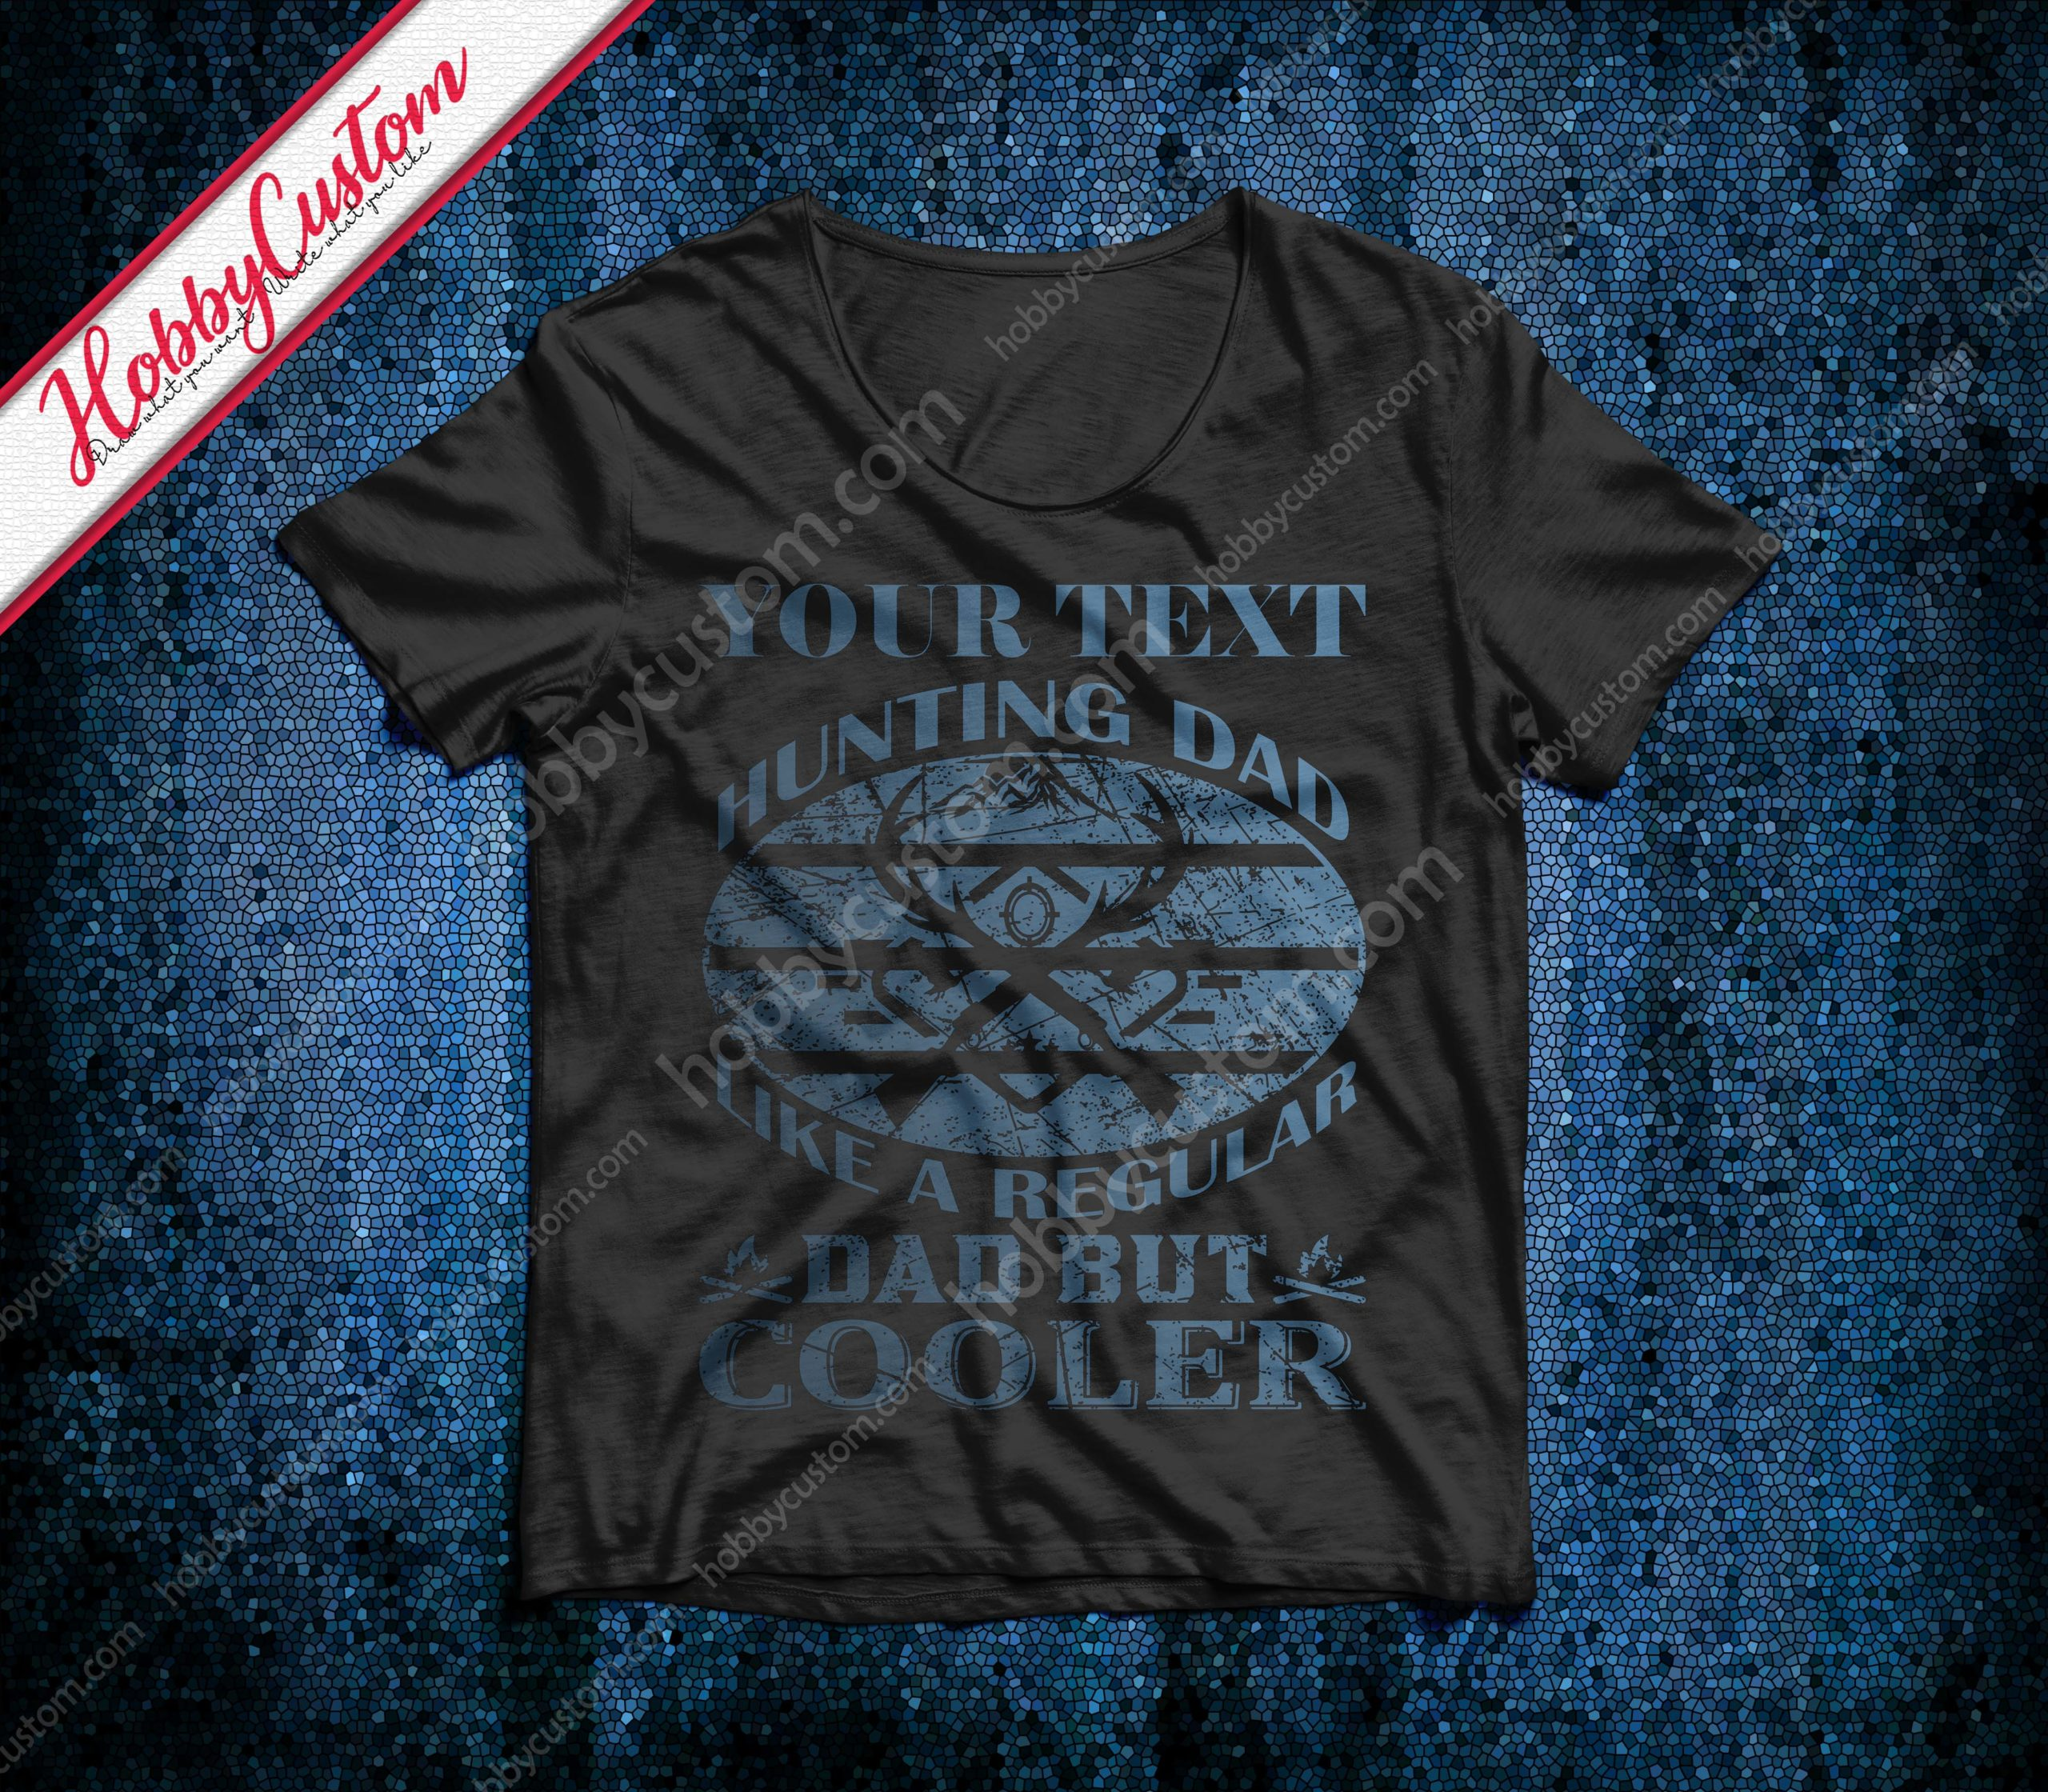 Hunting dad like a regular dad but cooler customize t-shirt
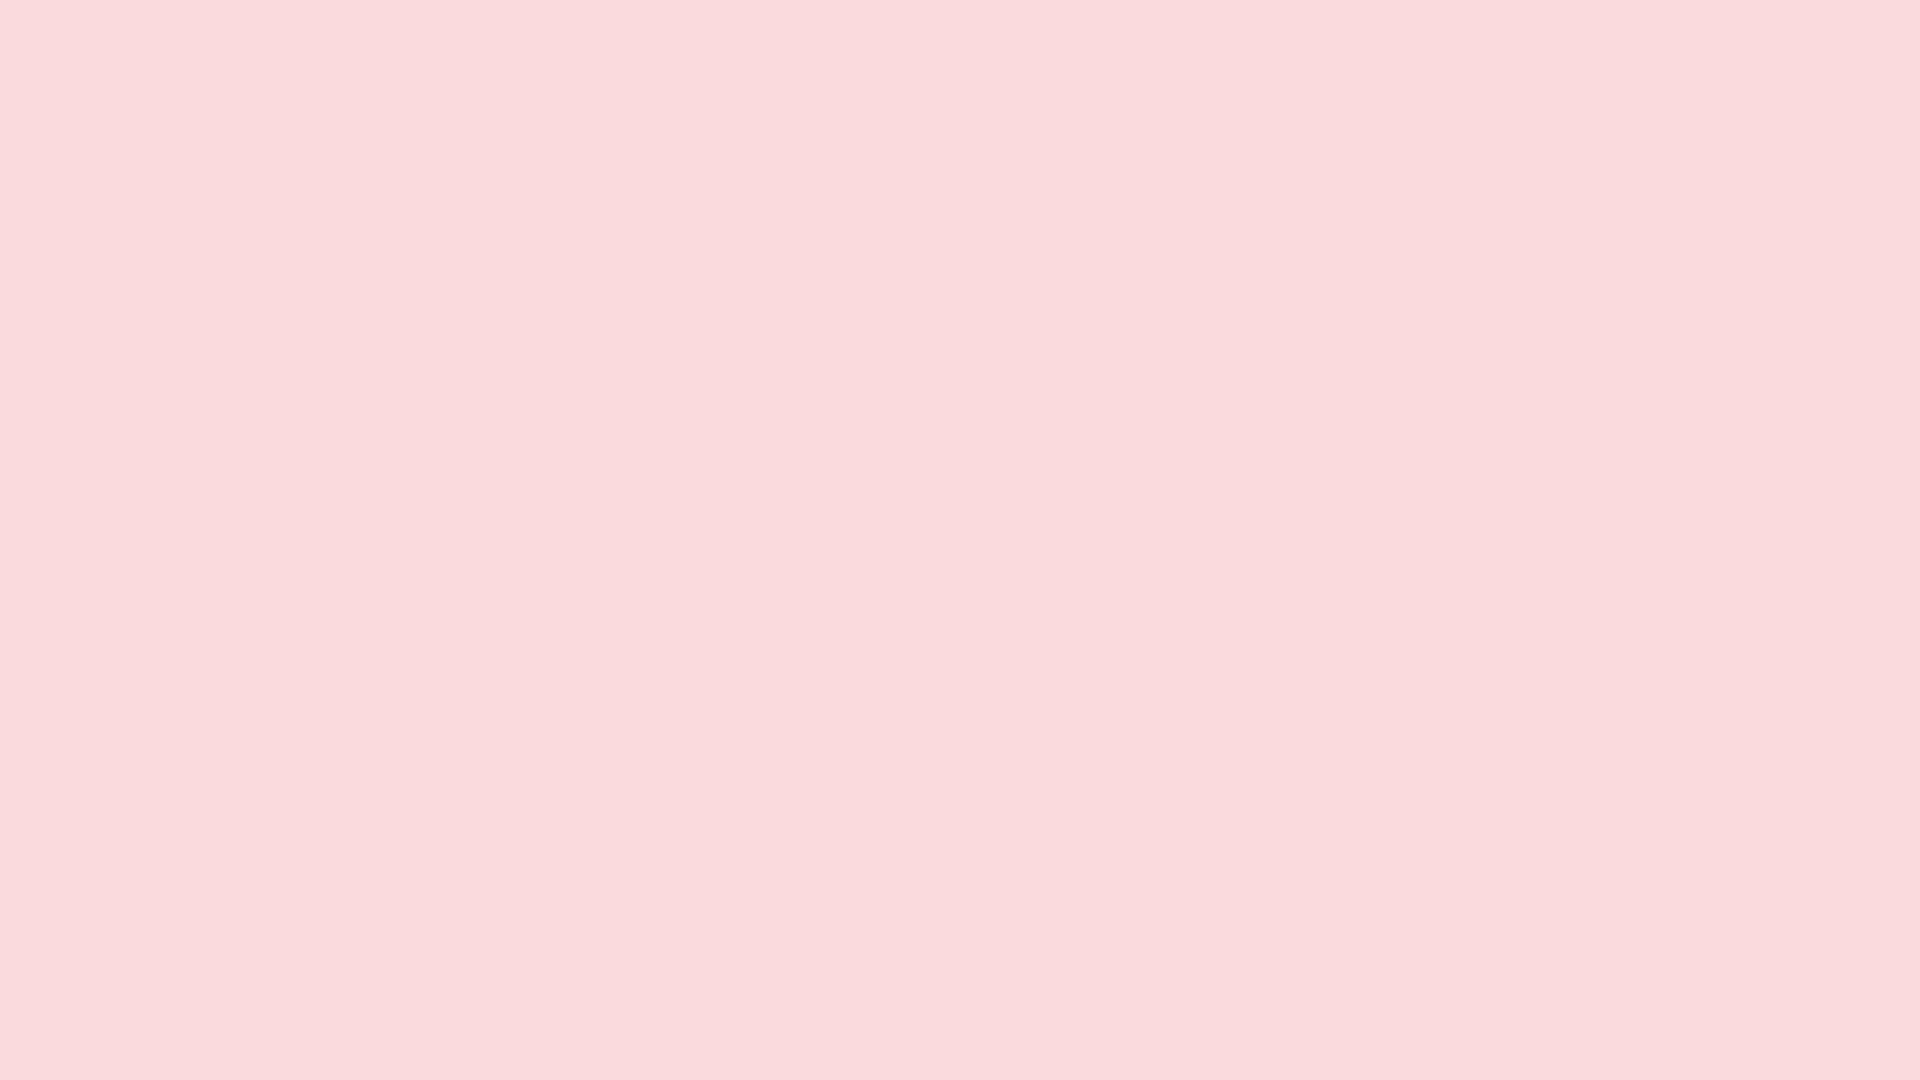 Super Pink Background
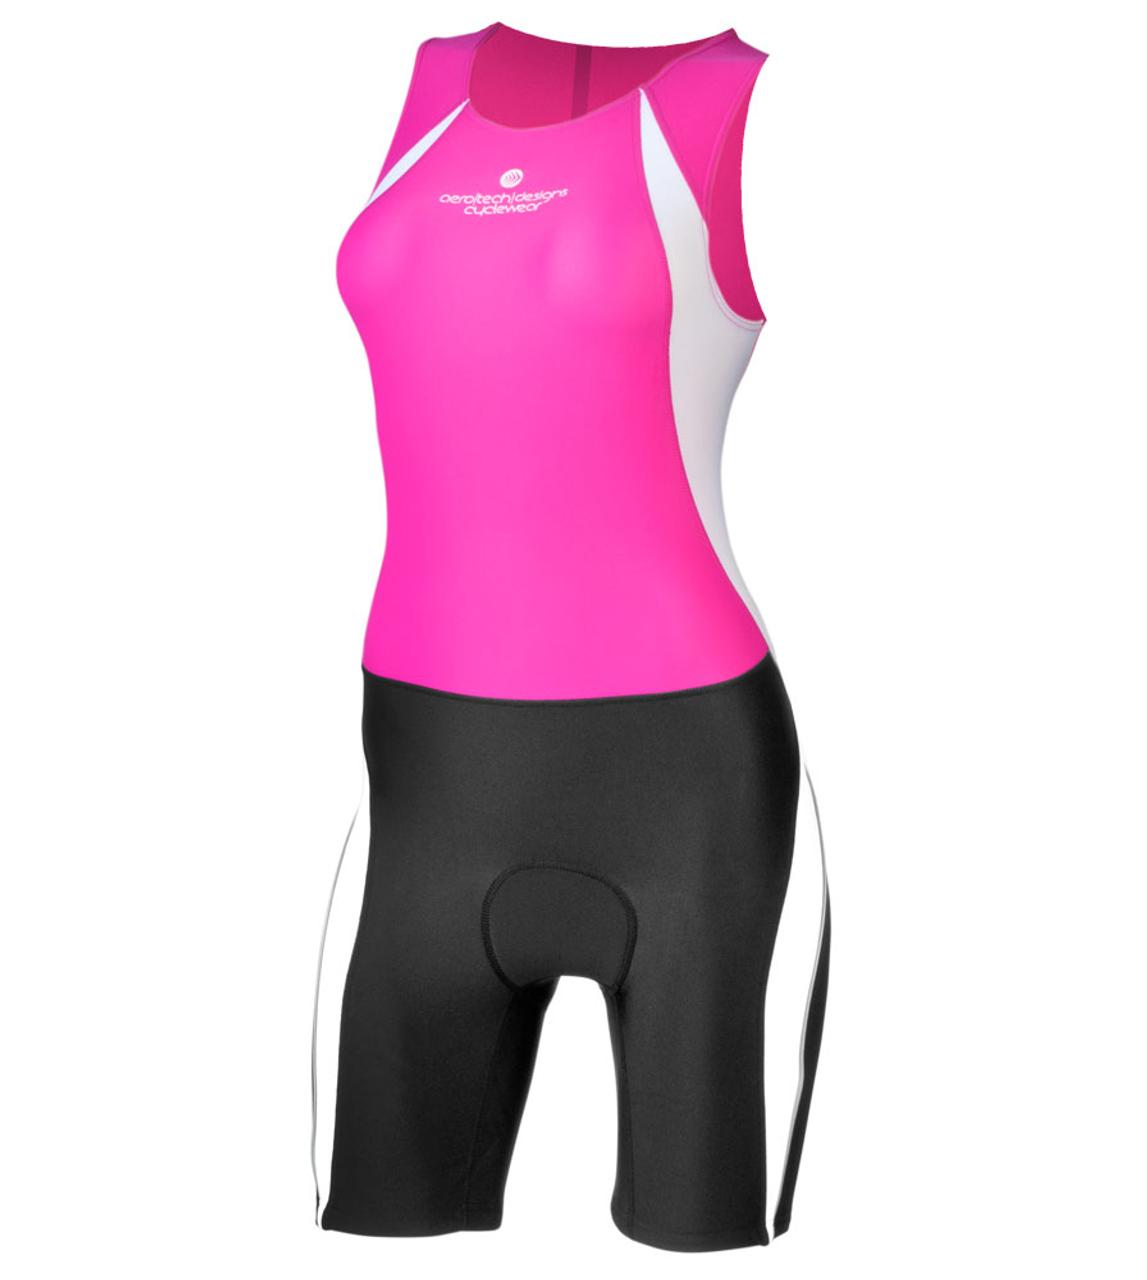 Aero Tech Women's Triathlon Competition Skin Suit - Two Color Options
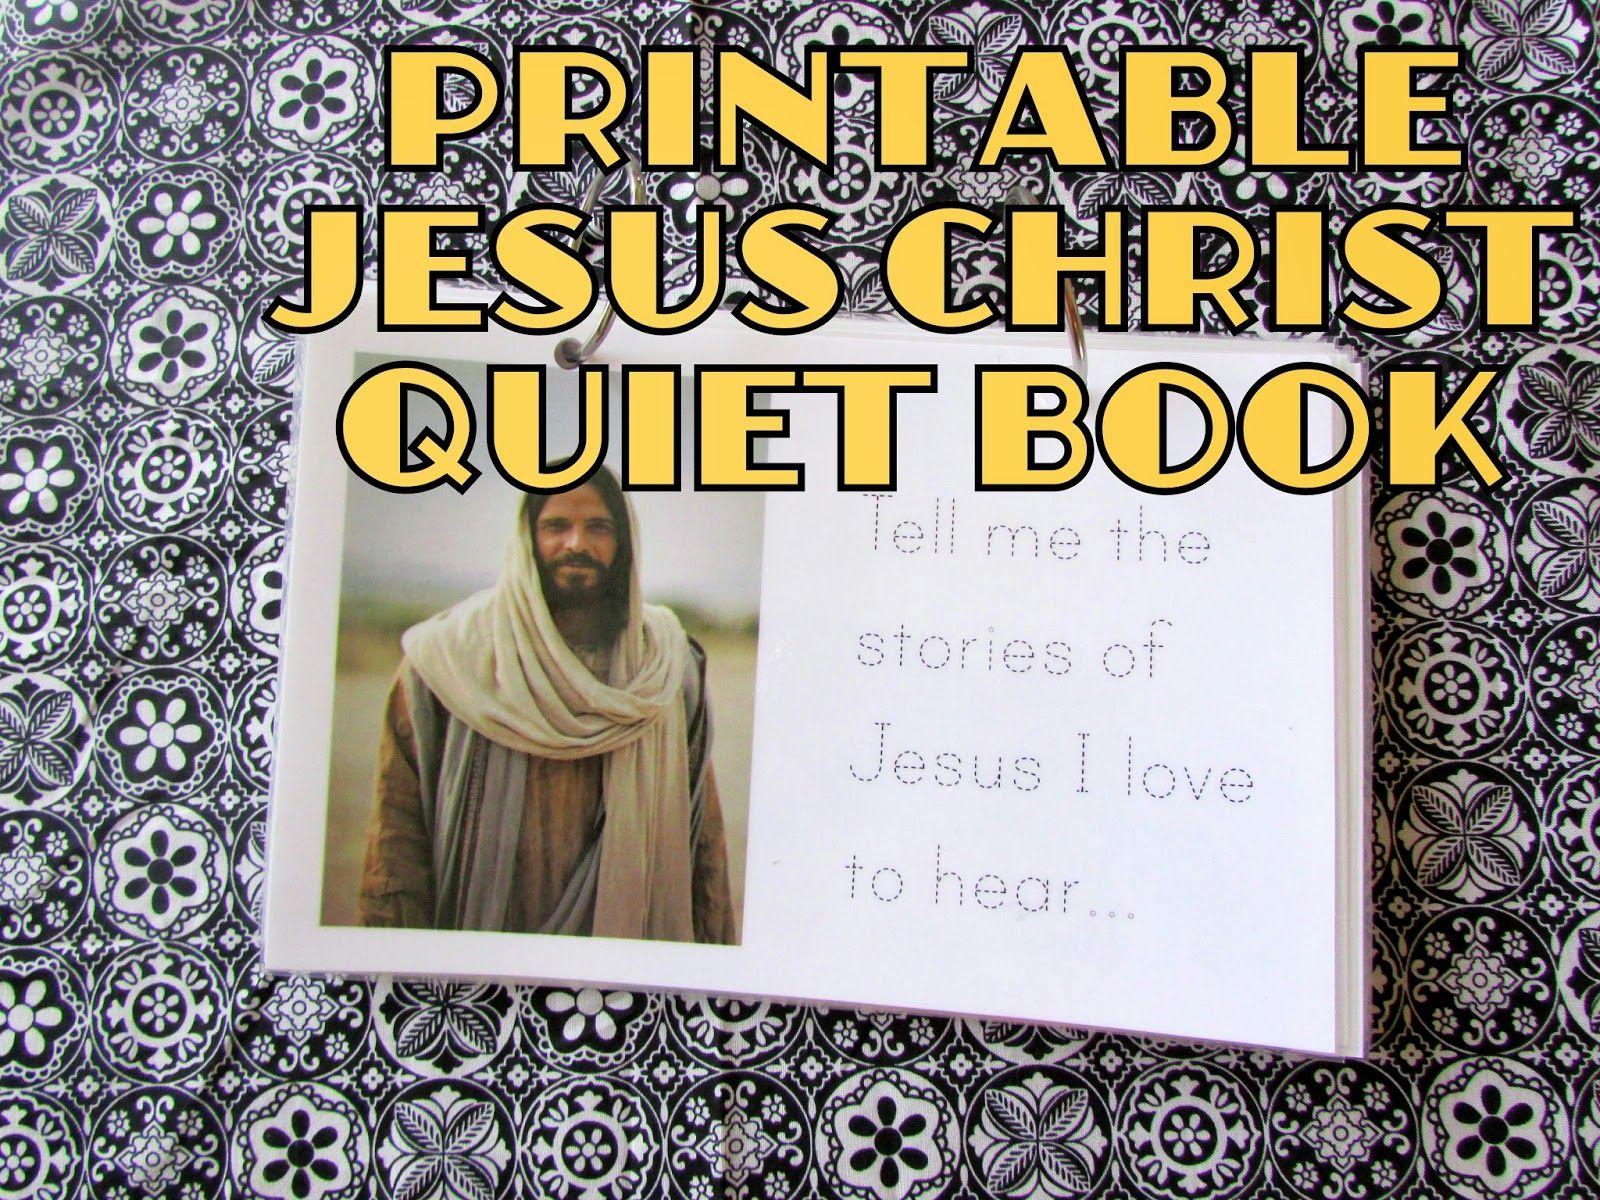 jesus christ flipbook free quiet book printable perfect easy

*Requirement*:
Repeat nothing but the lines from the one containing "Super Pink Background" through the last line of the listing, both included, exactly as written, and omit any picture.

*Task result*:
 Super Pink Background
 Aero Tech Women's Triathlon Competition Skin Suit - Two Color Options
 jesus christ flipbook free quiet book printable perfect easy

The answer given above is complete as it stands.